Teens.laura6/Pixabay

Every new generation of teens will inevitably have trends, habits, and innovations which they can call their own. It’s also inevitable that older examples of these would be phased out. In the case of today’s teenagers, for example, Facebook is no longer the top social media platform that it was to yesterday’s youngsters. This is according to a survey done by the Pew Research Report.

Published on Thursday, the report indicated that only 51 percent or half of the teens between the ages of 13 and 17 are using Facebook. This is a steep drop from three years ago, when 71 percent of the same demographic used the site.

Instead of Facebook, teens within that age range prefer using platforms like YouTube, Snapchat, and Instagram. While that last social media service is owned by Facebook, it comes with a completely different style and clearly caters to the demographic in a much different way. On top of the implications on Facebook, the results of this survey also cover many other aspects of technology.

“This shift in teens’ social media use is just one example of how the technology landscape for young people has evolved since the Center’s last survey of teens and technology use in 2014-2015. Most notably, smartphone ownership has become a nearly ubiquitous element of teen life: 95% of teens now report they have a smartphone or access to one. These mobile connections are in turn fueling more-persistent online activities: 45% of teens now say they are online on a near-constant basis,” the report reads.

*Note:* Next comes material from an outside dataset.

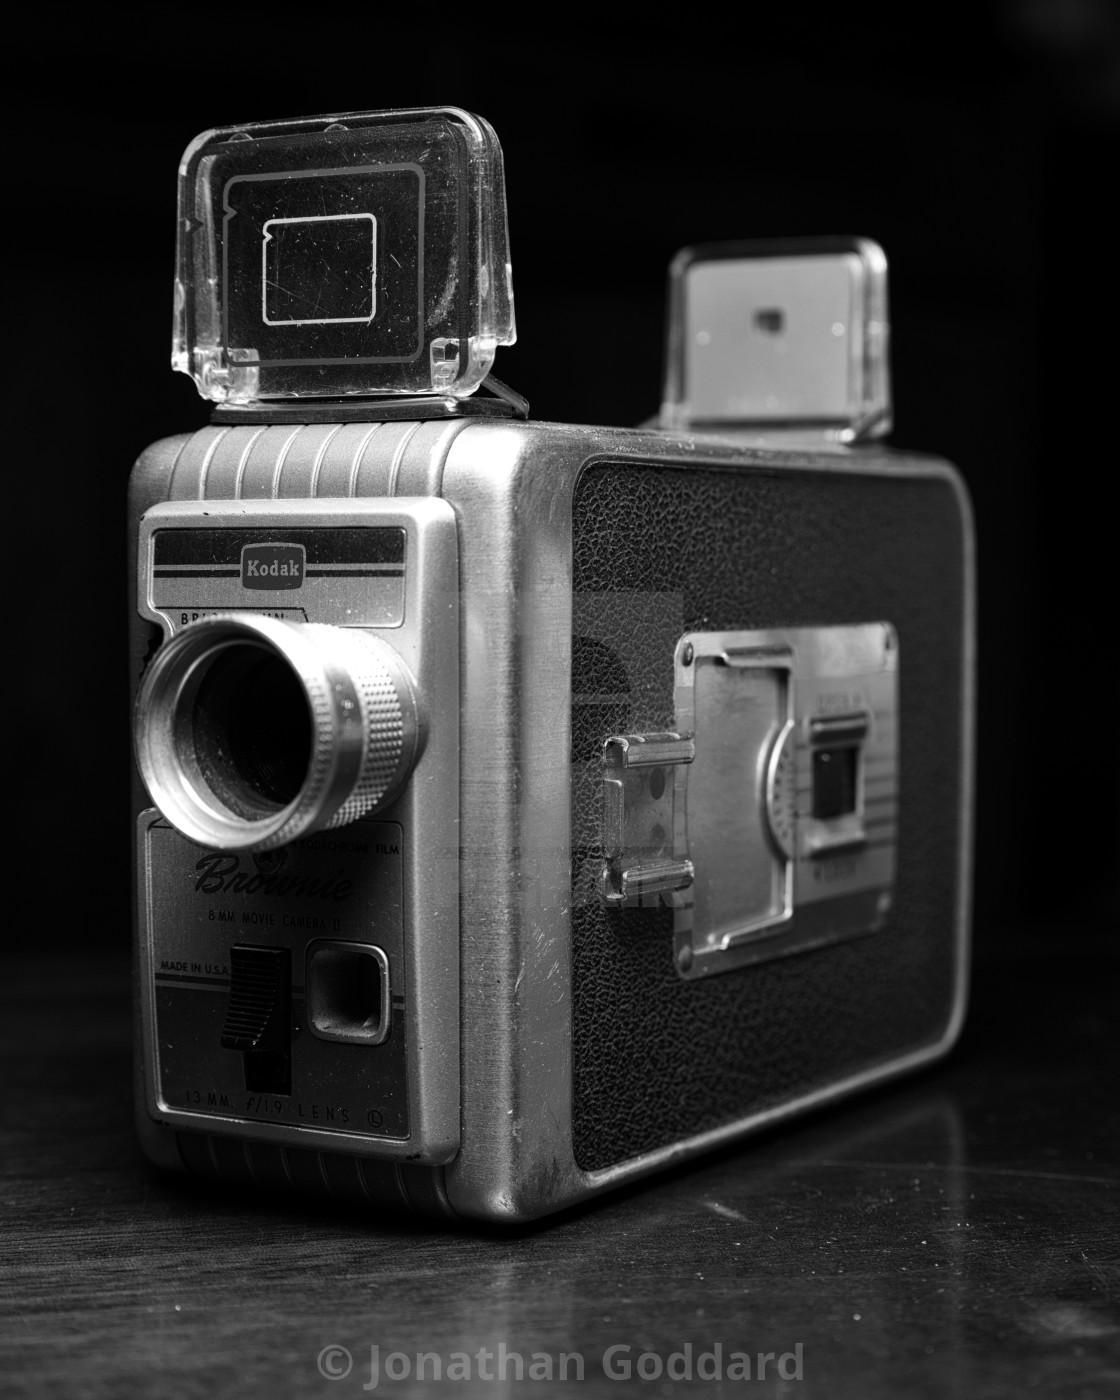 8Mm Vintage Camera vintage camera: kodak brownie 8mm movie camera - license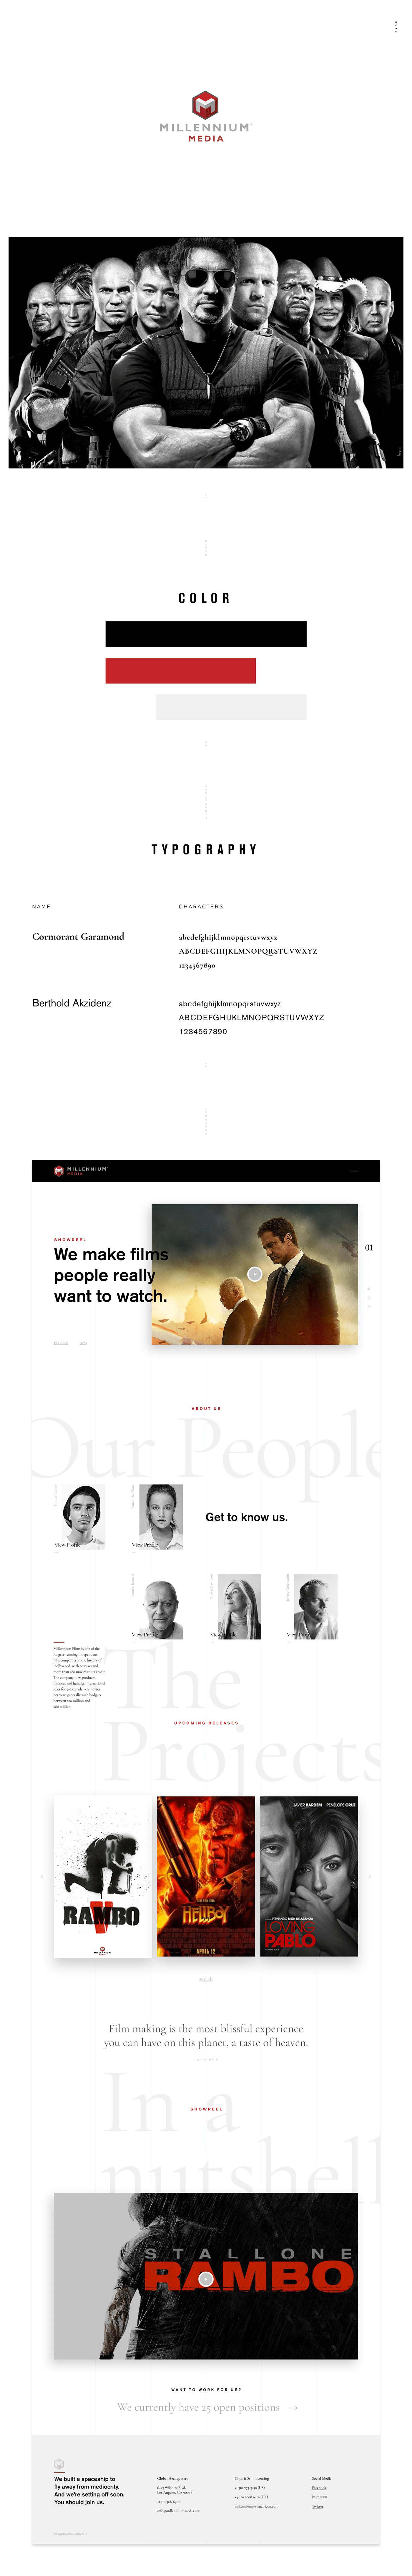 art direction  Art Director branding  Corporate Design Entertainment Film   Movies UI ux Web Design

One of the reasons why this survey result is so problematic for Facebook is the matter of scale. As Bloomberg reports, the platform has just about saturated both the U.S. and Canada in terms of the number of users it has in those countries. This is troublesome for Facebook since those are some of its most lucrative markets.

By losing touch with teens, the biggest social network in the world will start having trouble growing more than it already has. At this rate, it’s going to hit a ceiling and start stalling before shrinking.